CNN (convolutional neural network) seems a natural choice, but I have never done them, they are relatively slow to learn and inference so probably I would need to change my search algorithm accordingly as well. I decided to experiment more with my usual approach.
Experiment: add "dead" disc to inputs. In some positions it doesn't matter if disc is blue or red - it can't form any 4-in-row anymore. If we mask those and just use dead discs as another input, it should denoise the inputs, especially in almost full positions, right?
211221.11 xxxxx1.11
122122.22 xxxx22.22
112211.21 xxxxx1.xx
221112.12 => xxxx12.xx
211221.11 xxxx21.11
122112.22 xxxxx2.22
212212111 xxxxxx11x
Well, that was not the case, at least not as much as I hoped. The net learned better, there was less overfitting but any benefits were thwarted by calculating those additional discs and there were more changes per move.
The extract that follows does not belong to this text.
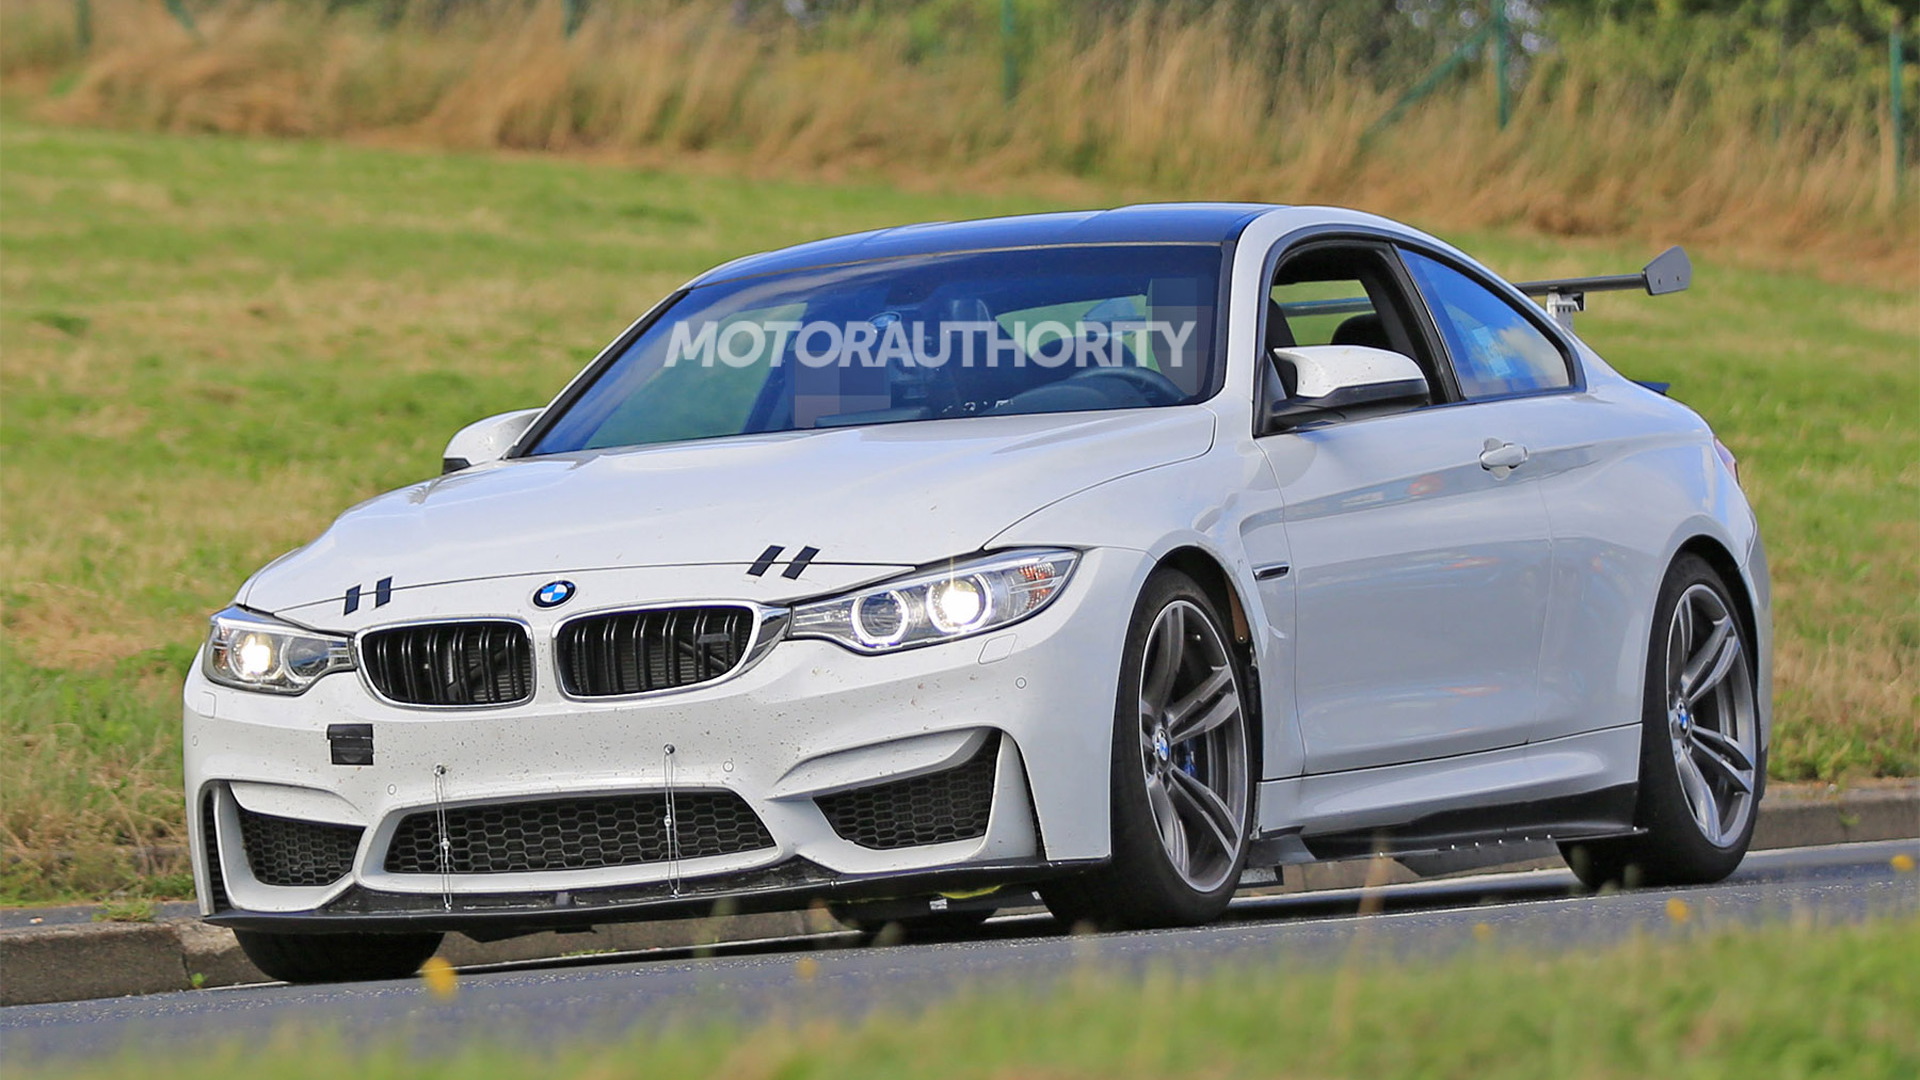 2018 BMW M4 GT4 race car spy shots - Image via S. Baldauf/SB-Medien

Success: N-tuples. Those are used in N-Tuple Neural Network, which is efficient memory-based neural network, usually without hidden layers. Extensively used in othello, or standard connect-4. N-tuples can have various shapes, for connect 4 I use every 4-in-row tuples. Those will be the inputs for my neural network. They are very sparse, take a lot of space, but they are very fast to calculate. There are 126 4-in-rows, and each 4-in-row can have 1 of 3^4=81 values, so 126x81=10206 inputs. Quite big, thus hidden layer has to be very small. With 8 hidden units, there are already around 80k weights, so 20k characters left for actual code. I had to be creative on how to efficiently extract the 4-tuples from position, and how to get only those changed during a move. There are at most 10 changed 4-tuples during move. Given the net is relatively small computionally, more time is spent on other parts of the search than NN inference.
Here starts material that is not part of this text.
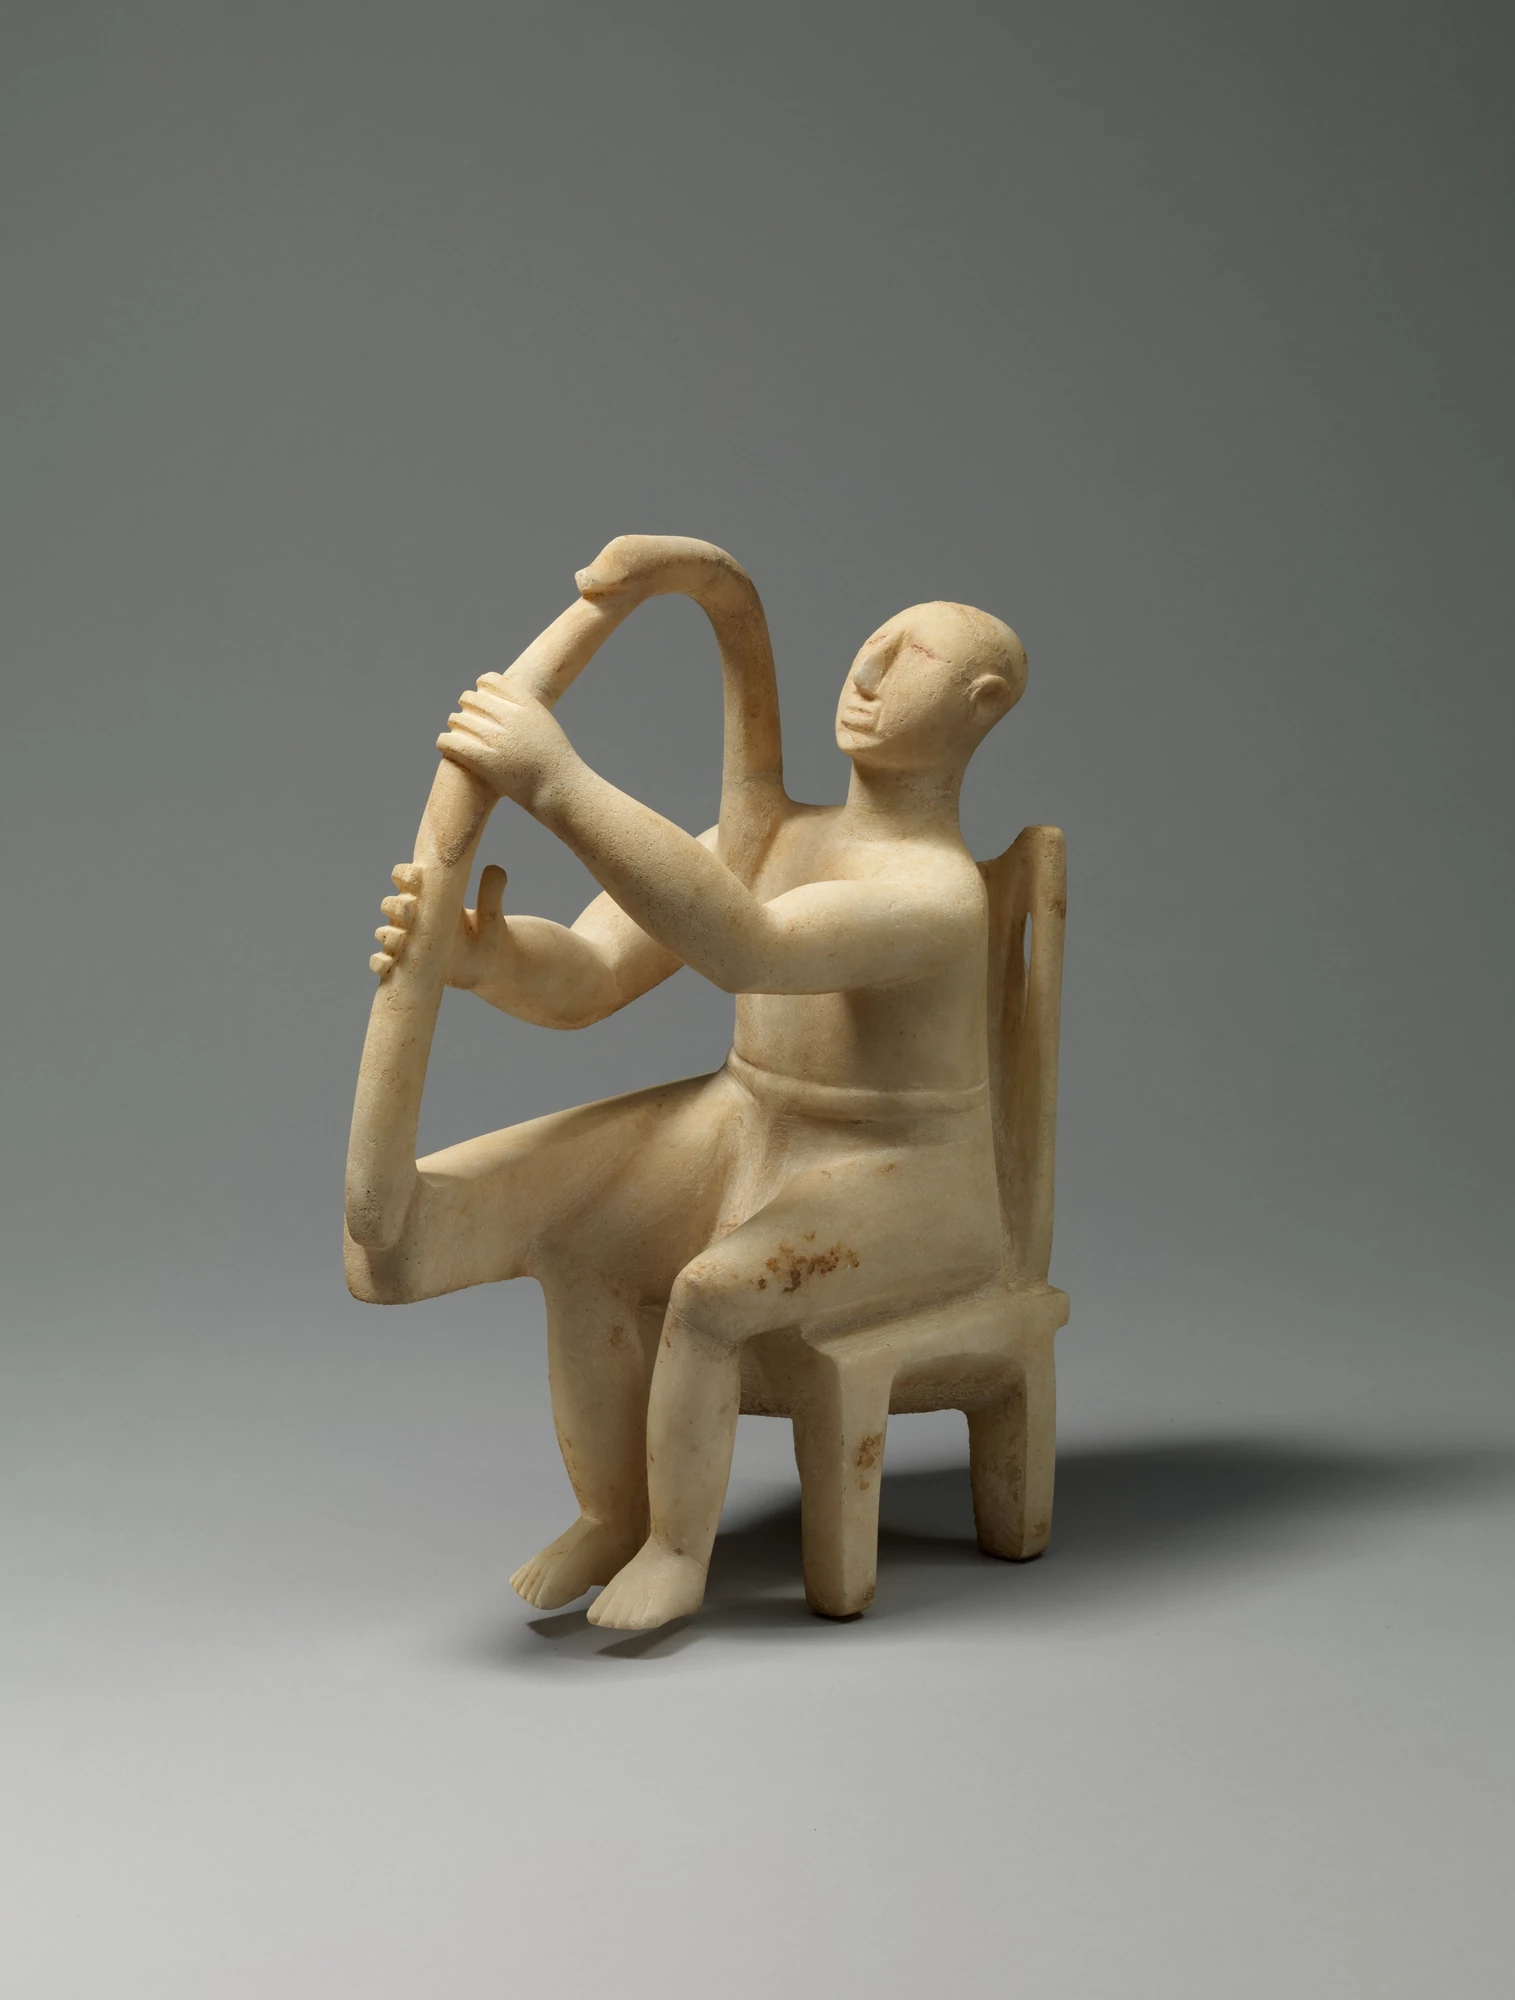 Cycladic seated harp player, Aegean Civilizations

Nevertheless, it was big success. Almost every new iteration was better than previous one, and I was confident that when locally bot was better than the others, it will be higher in the leaderboard. I managed to learn to save 2 weights per 1 utf16 char, albeit with less precision, so right now my net in connect 4 has 16 hidden units thus around 160k weights. Locally I trained much bigger net, with 64 hidden units and it is much better, winning over 70% games, but due to codesize limit I can't upload it. Maybe one day I will use it as teacher network and try some knowledge distilation methods. Possibilities for experimentation are vast. One may think of N-tuples as a poor man's convolutional neural network.
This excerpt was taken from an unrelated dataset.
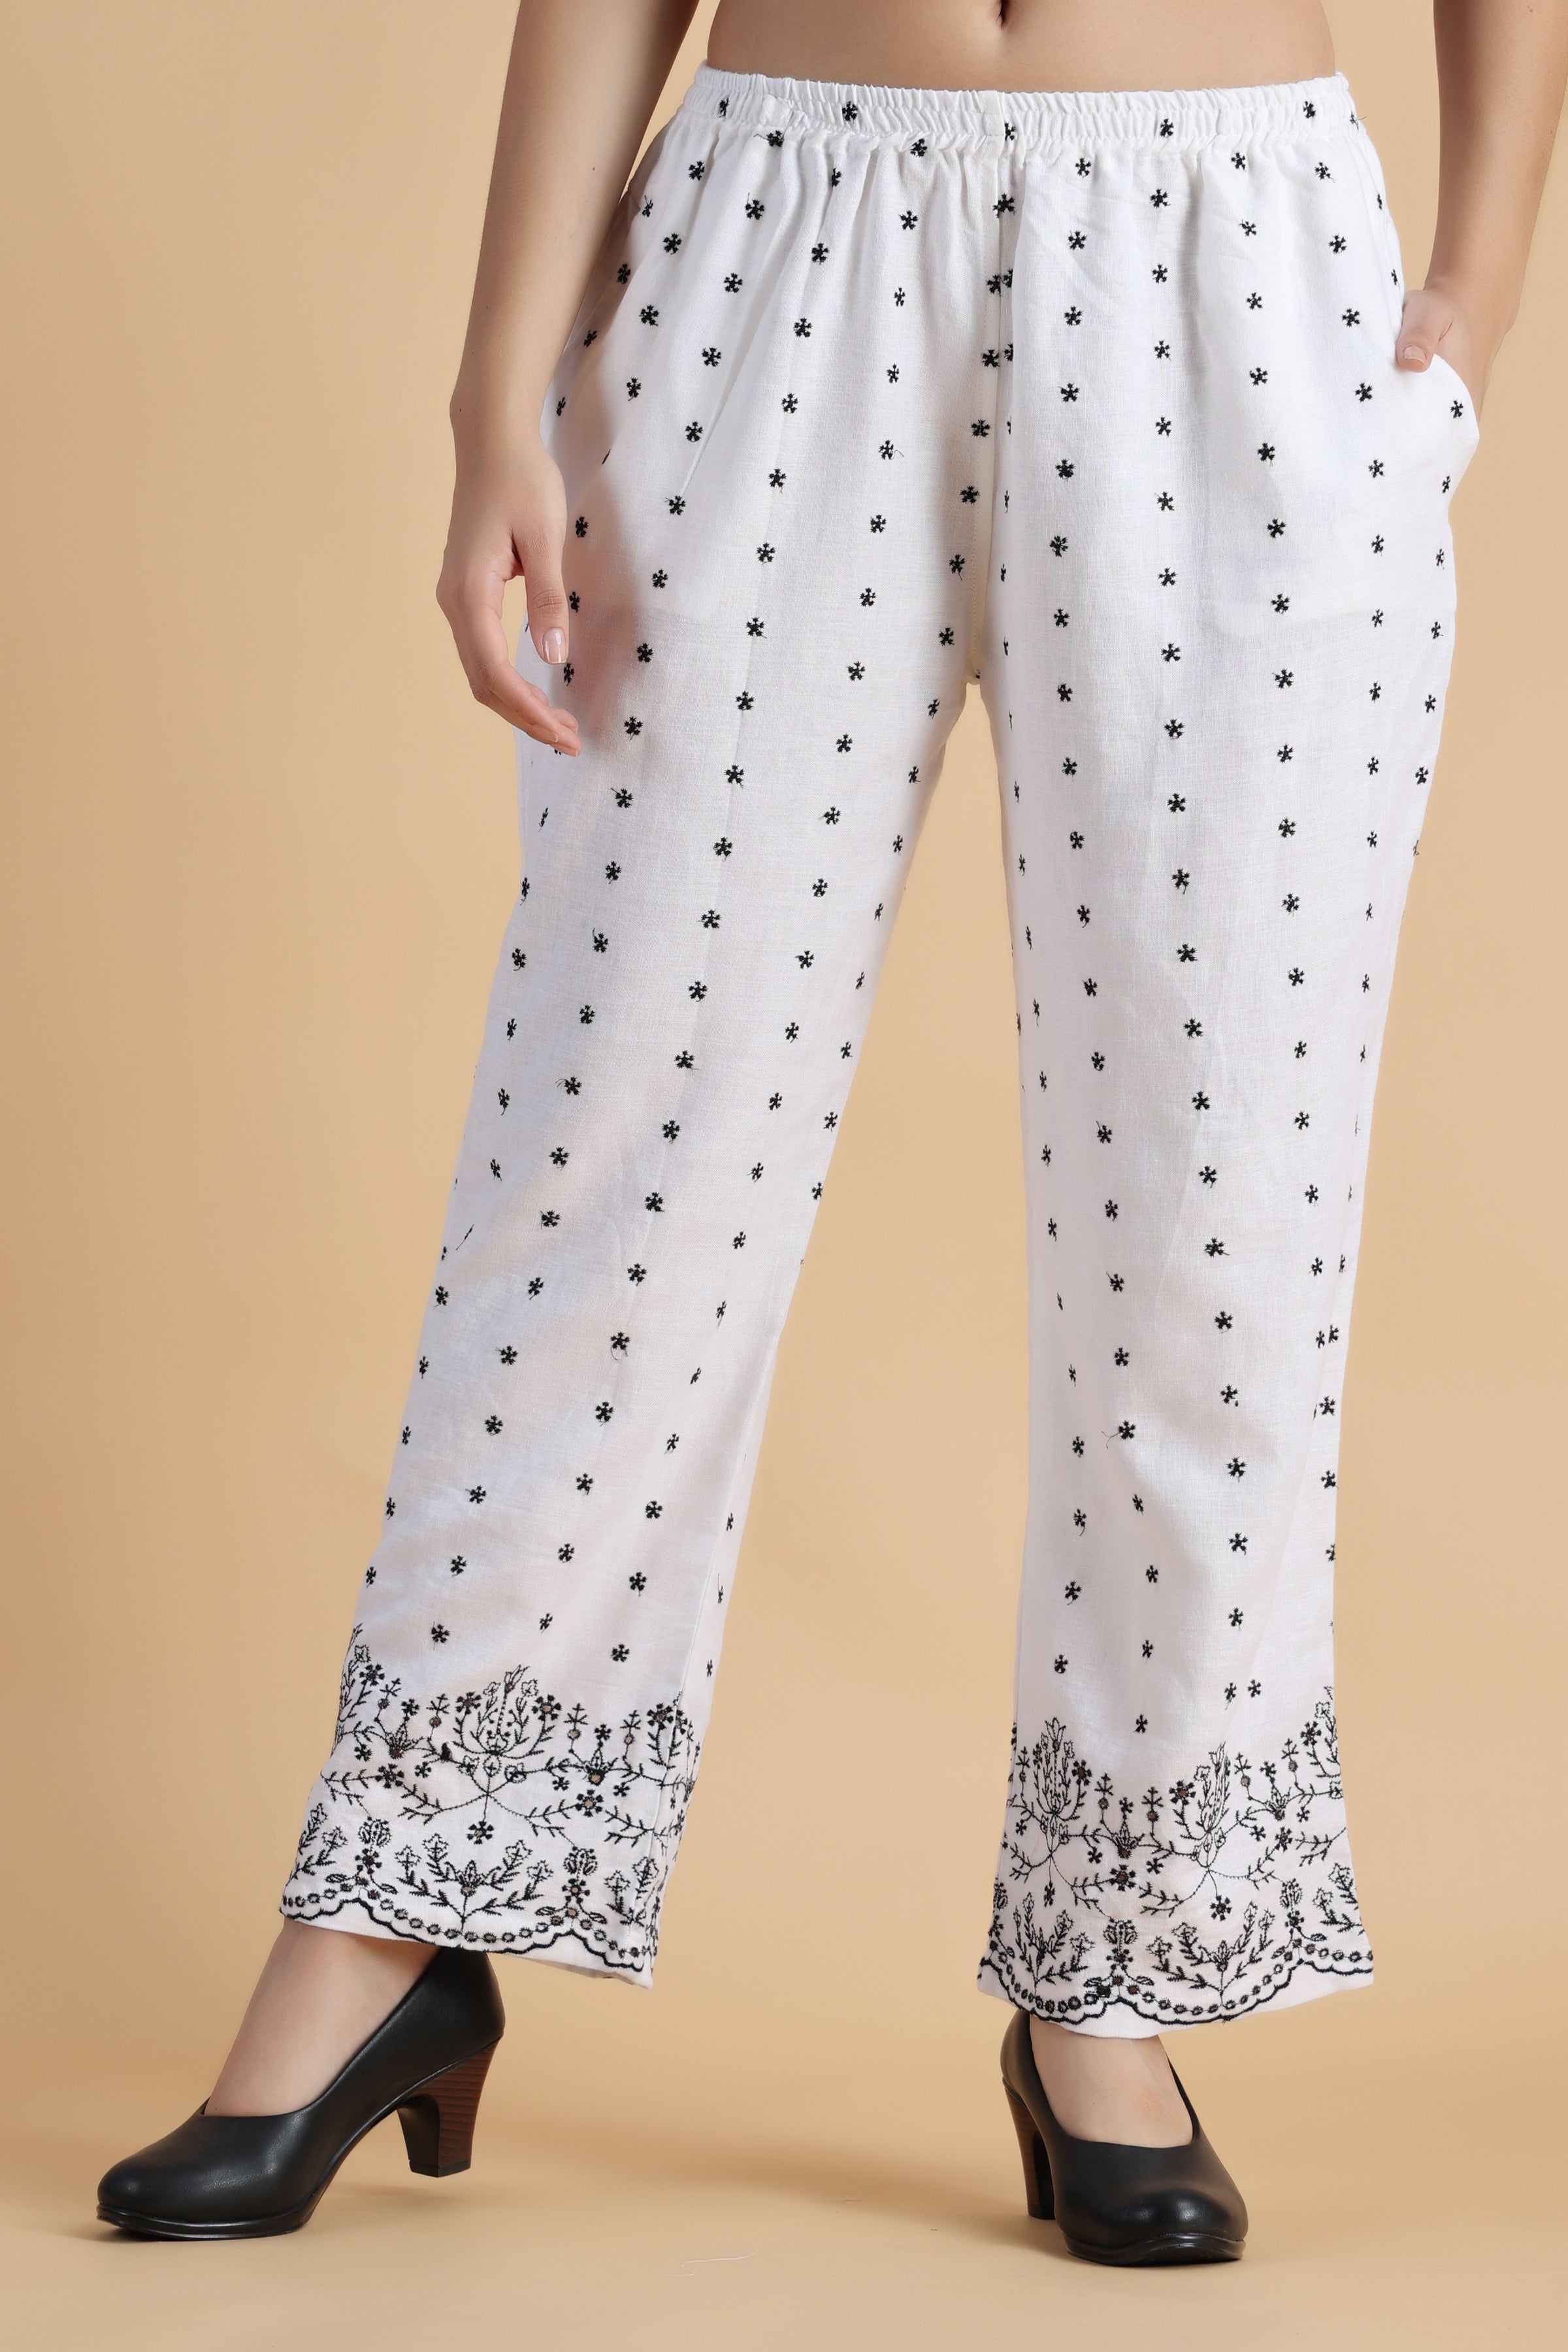 Wide legged palazzo pants pattern by Love Notions.

There are 126 4-tuples in connect 4, overlapping horizontals, verticals and diagonals. Example: Index of tuple 1 from the image is 1012(3)=32, tuple 2 is 0000(3)=0, tuple 3 is 1221(3)=52.
Yavalath
This is similar to connect 4. Simple inputs for red and blue were not successful. Of course it was better than pure mcts, but nowhere near the thing I have now. But the person I know uses those simple inputs and it works well for him. Once again, probably there is something lacking in my learning methodology.
Just like in connect 4, I use 4-tuples in yavalath. This was easy because I already used those patterns to check for wins and loses. There are 102 4-in-rows in yavalath, thus 102x81=8262 inputs. With 16 hidden units thats 132k weights (66k chars) and this is the net uploaded to the arena.
It is less susceptible to early traps even without booking - when it loses, it is in 18+ rounds, not as early as 12 then even with booking. Again, I have trained bigger network which is much better but I can't upload it due to size limit.